"Scarsa partecipazione della cittadinanza e volontà univoca che i problemi del paese non interessano più nemmeno agli stessi pianesi!" In sintesi questa è l'amara constatazione del presidente del Comitato costituito ad hoc contro l'antenna Tim in paese. Presente dell'Amministrazione Comunale il sindaco Santabarbara, il capogruppo consiliare Raffaele De Marco e la consigliera Ramona Giglio...

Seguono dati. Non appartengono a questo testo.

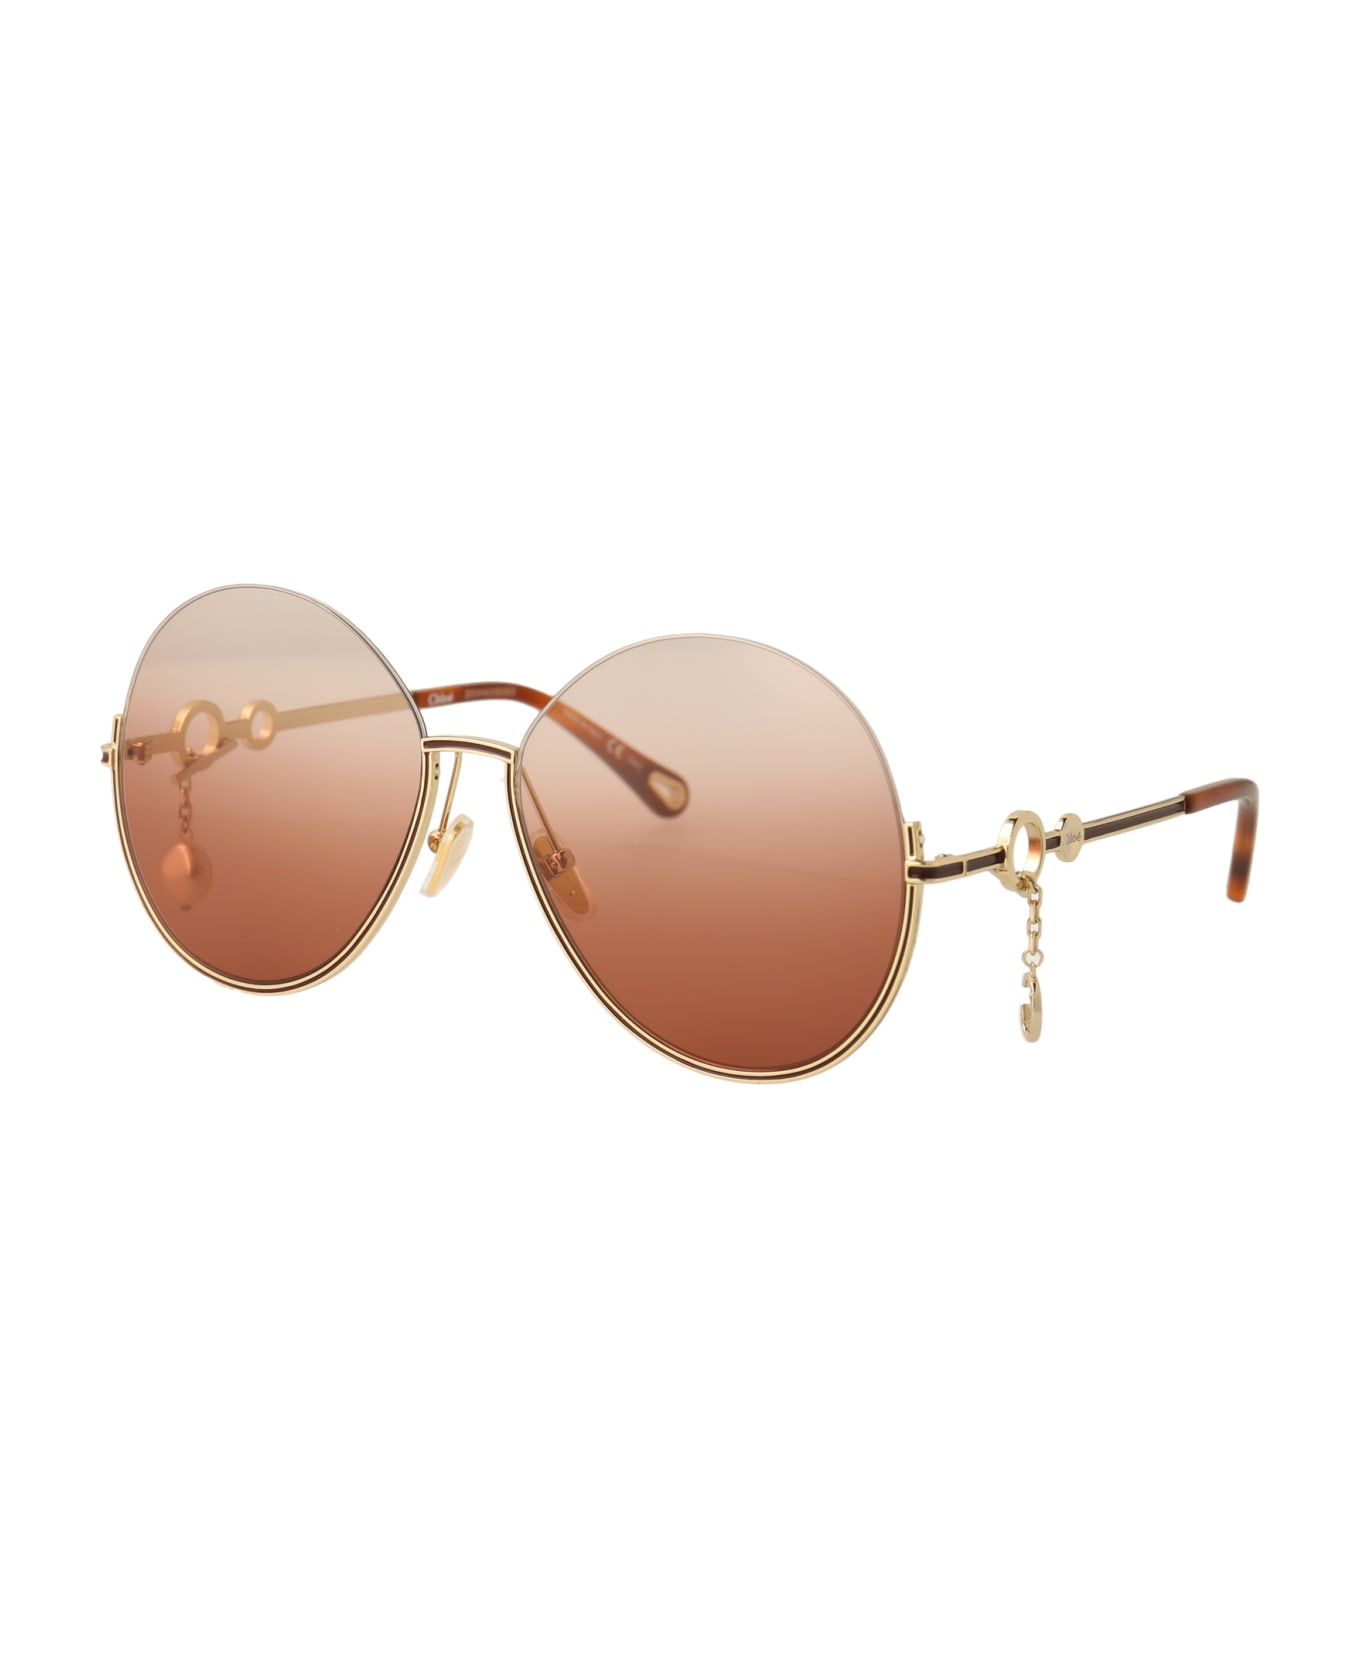 Chloé Eyewear Ch0067s Sunglasses - 002 GOLD GOLD ORANGE

Questo il comunicato inviatoci dal vicepresidente del Comitato per la difesa dell'Ambiente e del Territorio di Piana di Monte Verna, Angelo Maria Mastroianni:
“All’incontro pubblico del 28/10/2012, sulla questione antenne telefoniche presso il Campo Sportivo e sull’albergo Villa Emilia, TUTTI gli amministratori comunali sono stati invitati PERSONALMENTE, uno ad uno e gli unici presenti sono stati: il Sindaco, il capo gruppo di maggioranza e Giglio Ramona Anna.

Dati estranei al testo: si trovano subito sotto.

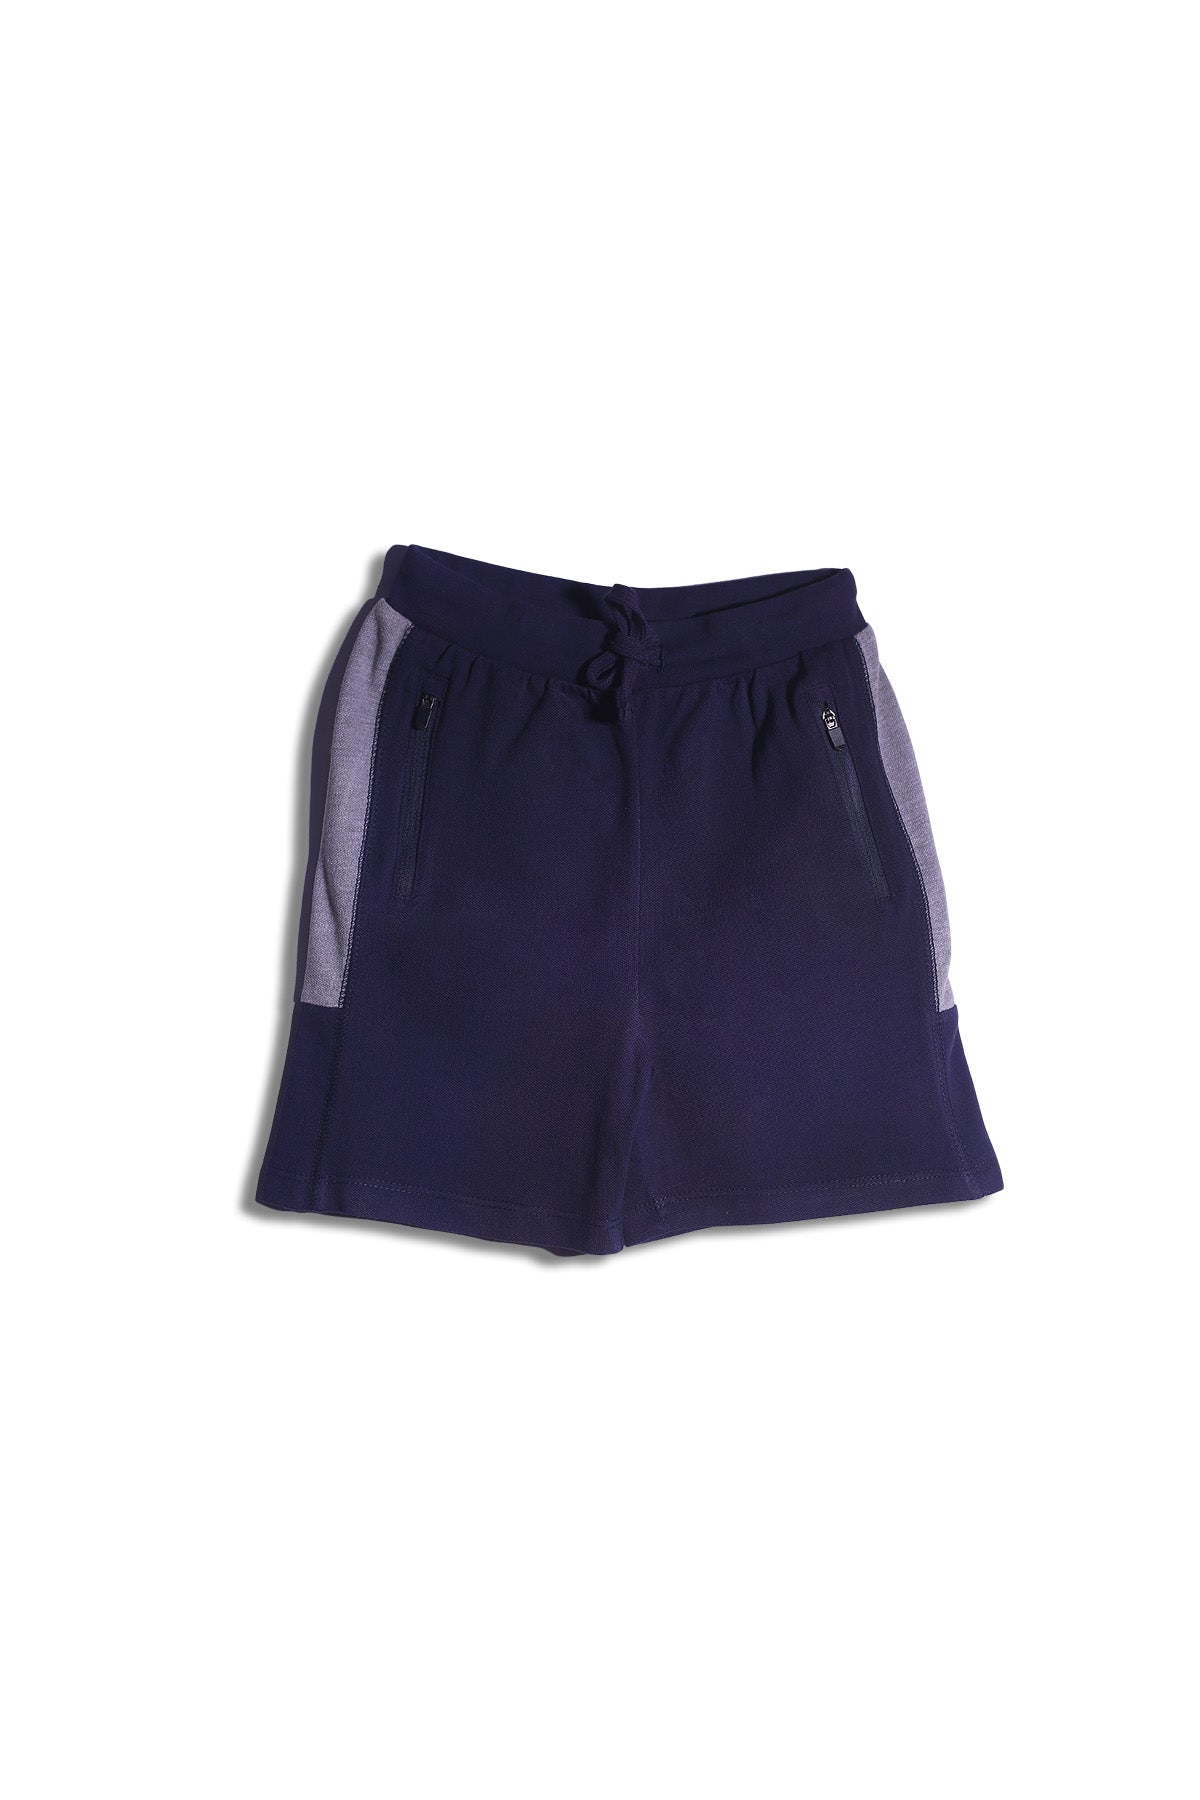 Shorts With Panel (KS-162)

Nonostante il COMITATO li avesse esortati a partecipare alla riunione al fine di dimostrare pubblicamente le loro idee in merito al posizionamento delle antenne si è dovuto constatare che:
1. CASTELLANO GIUSTINO: ASSENTE;
2. DE CRESCENZO ROCCO GIUSEPPE: ASSENTE;
3. FARINA SALVATORE: ASSENTE;
4. FERRAJUOLO AGOSTINO: ASSENTE;
5. LOMBARDI PASQUALE: ASSENTE;
6. MASTROIANNI NICOLA: ASSENTE:
7. MERCALDI DOMENICA: ASSENTE:
8. COPPOLA ANNA PINA: ASSENTE:
9. ZENNAITER MARIO: ASSENTE
Presenti, invece, PICCOLO ALESSIO, Presidente della consulta dei giovani e CIARAMELLA ALESSANDO, Sindaco Consiglio Comunale dei Ragazzi, i quali hanno partecipato attivamente con speciale attenzione.

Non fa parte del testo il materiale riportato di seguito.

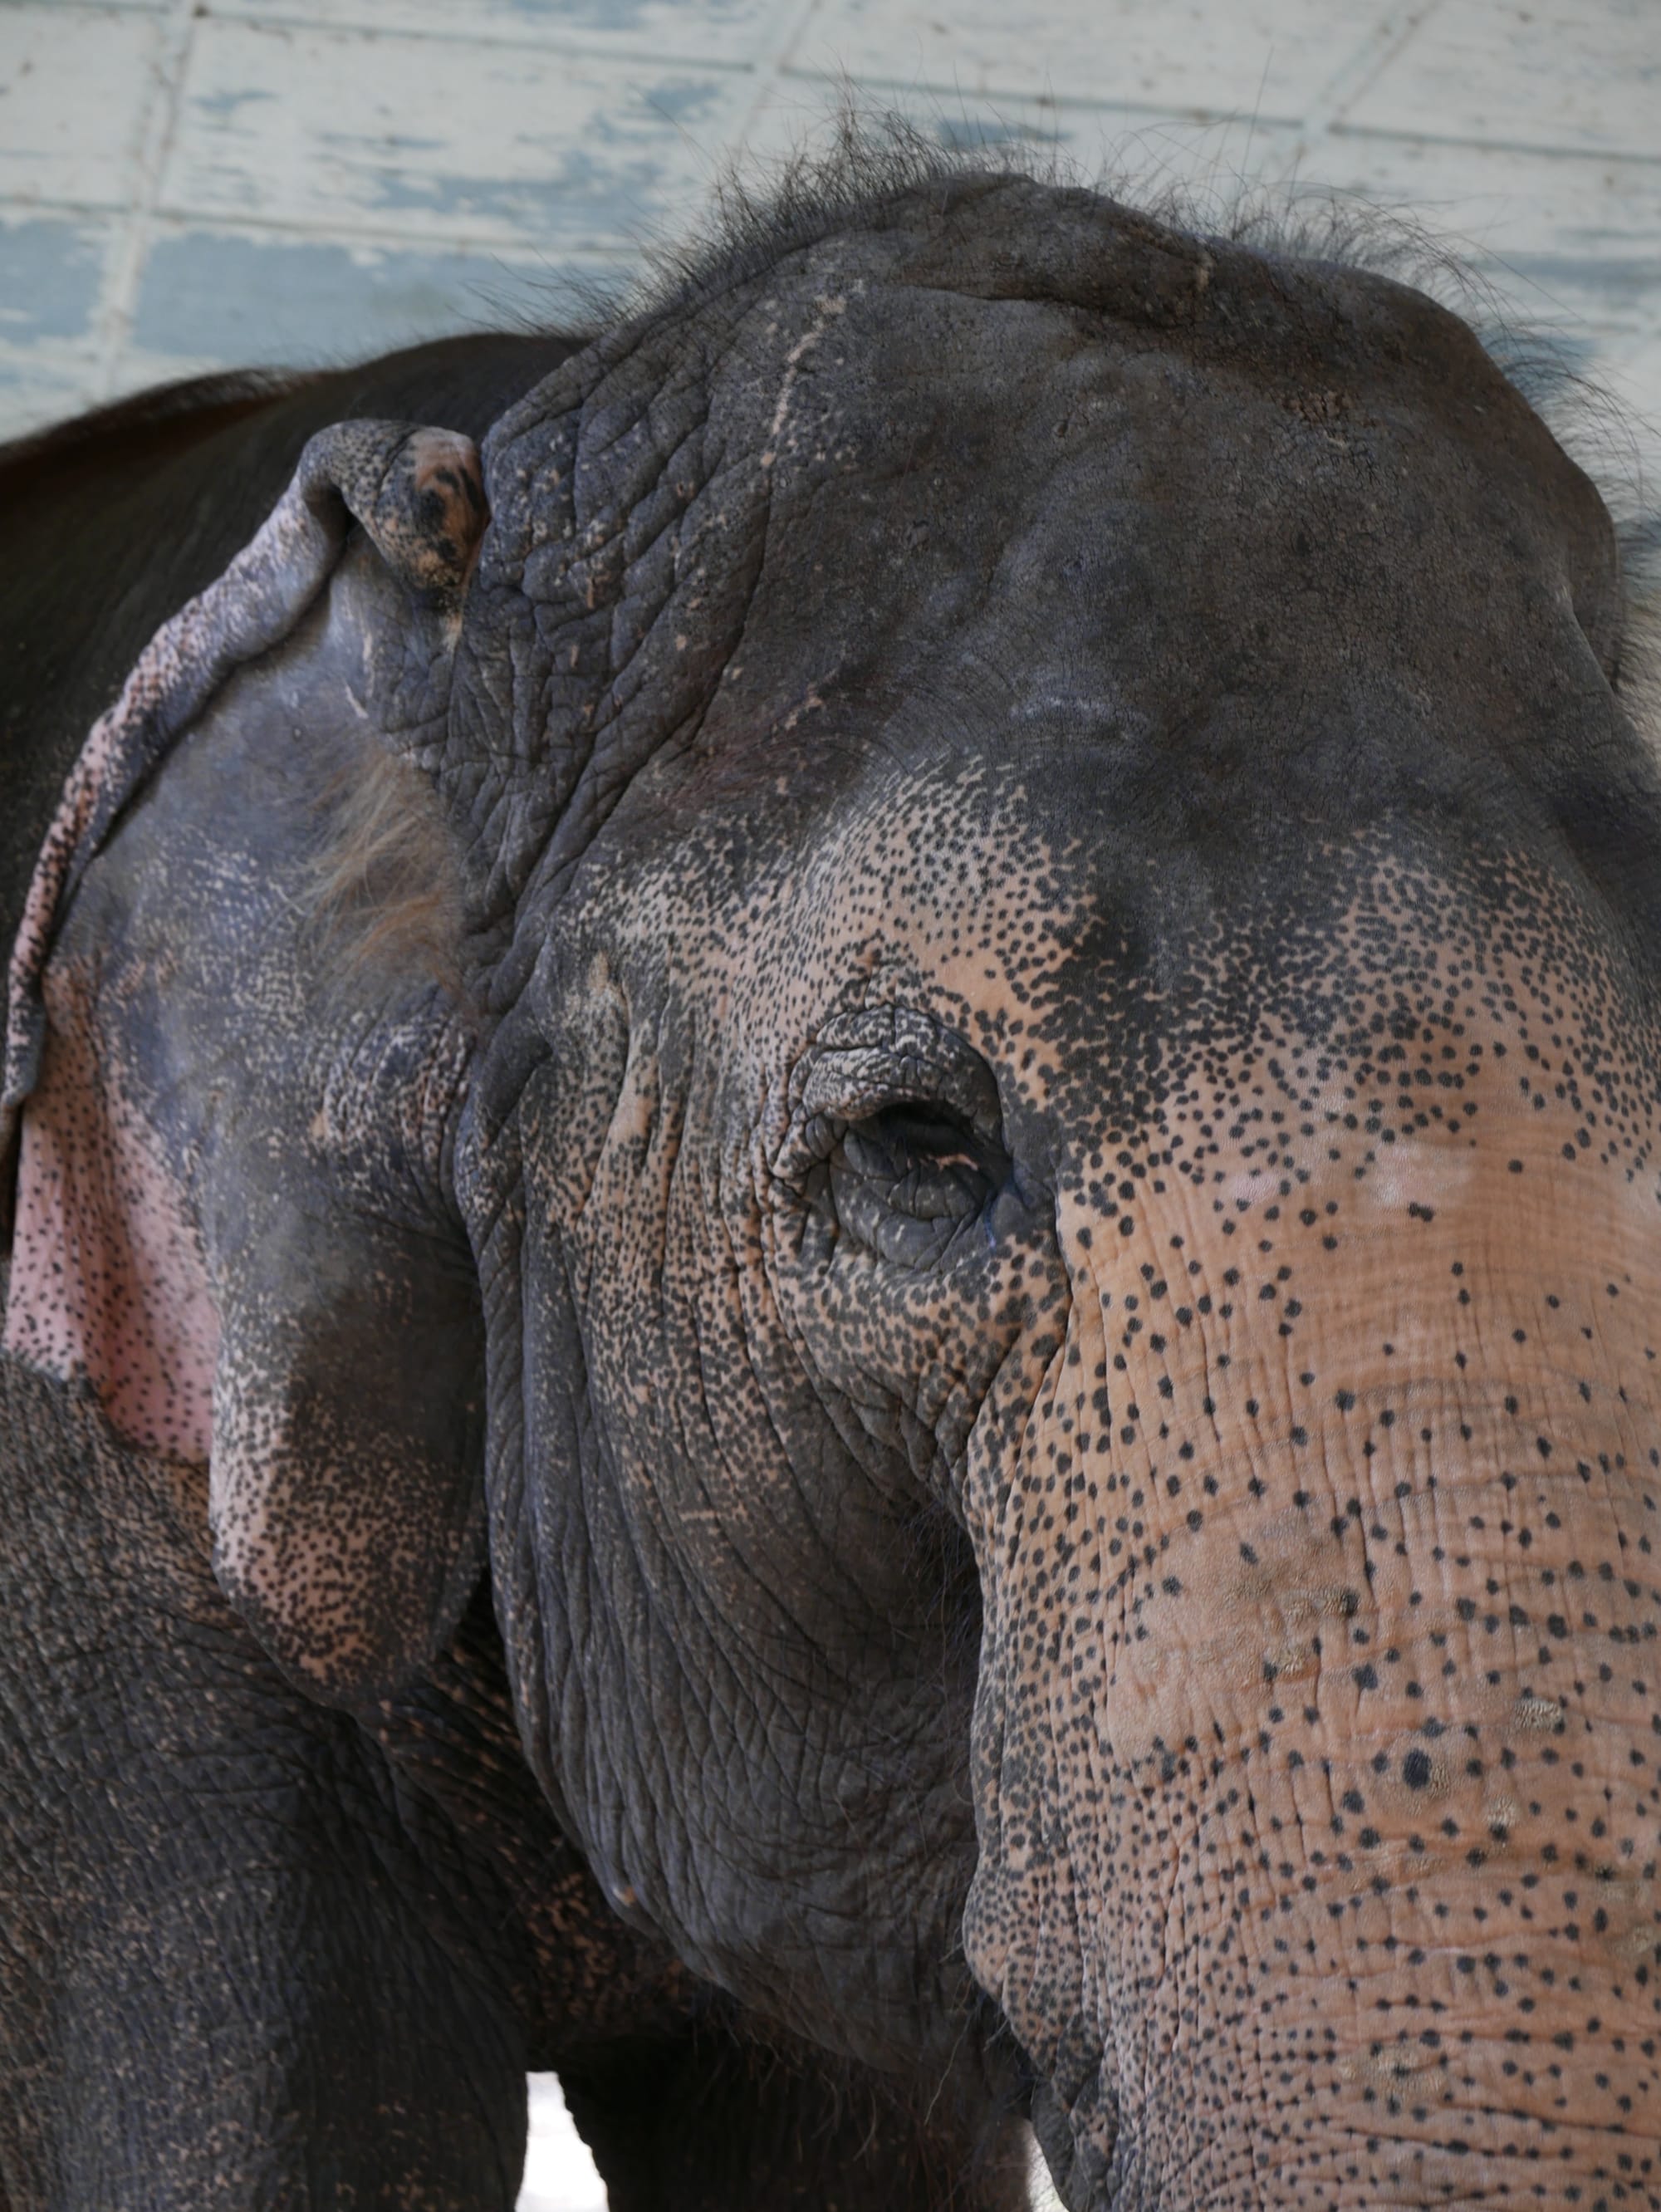 Photo by Author — elephant at Yadanabon Zoo, Mandalay, Myanmar

I cittadini ed in particolare i genitori dei bambini che frequentano le scuole materne, elementari e medie, nel plesso ubicato ad una distanza di 300 metri dall’antenna installata su Villa Emilia: TUTTI ASSENTI tranne una decina che, a parere del comitato, sensibili alla problematica proposta, hanno ascoltato con molto attenzione la rigorosa e puntuale relazione svolta dal comitato.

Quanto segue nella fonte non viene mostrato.